“The happier you are, the less you need.”
-Francesca Lia Block
I'm writing this in nothing but my underwear in a tent in a park while sipping on my ramen....
Ok....not really...but if I was, I know I'd make it work...
On New Year's day I backed into my sister's car. In the beginning, I would have been shattered....my material things were all I used to feel I had left after Michael died. Instead I couldn't stop laughing and smiling and grasping how little all of it mattered!
Little by little over the past 5 years, I've been challenged with facing whether or not the physical or material actually would be the connection to memories and happiness.
Floods, wrecks, lost items, donated things, etc. etc....and the transition continues to happen daily.
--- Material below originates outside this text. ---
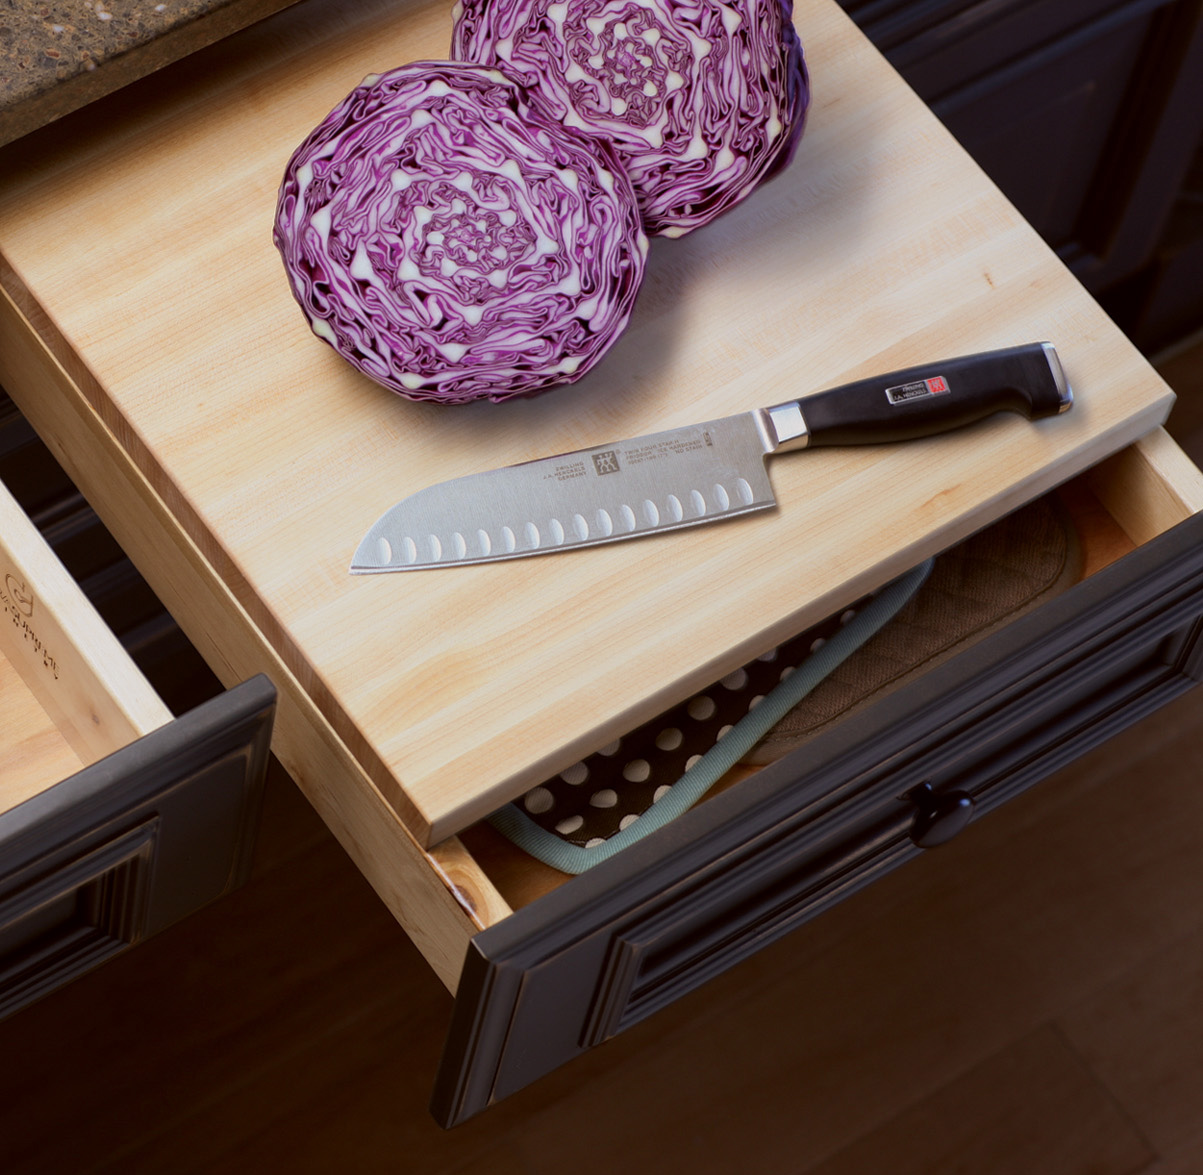 Dura Supreme Cabinetry's removable chop block within a drawer, adds cutting board storage space beneath the countertop to add function to the food prep area.

The love and memories are no less.
My life and soul are just better.
And like the quote says, I guess that when that mixture of forced, realized, learned, and tortured comes together...you end up with the potion, the combination, that equates to something that seemed as foreign as a leprechaun riding a unicorn down a rainbow to reach its pot of gold....
You end up with the realization that you are happy.
I have noticed the tendency to cling to my "stuff" since Dave died, too. Like you said, it's ALL I have left. That and the cats he loved so much. But, it's all stuff (except for the furballs - they're family members). Stuff comes and goes. It's what is inside of us that lasts. It's hard not to cling though. I feel like I'm hanging on by a thread to comfort and a feeling of home. I'm trying so hard to cultivate that feeling from within me. It's rough.
ReplyDeleteI have felt as you do. The material is definately not as important anymore and I would trade it all to be with my husband again.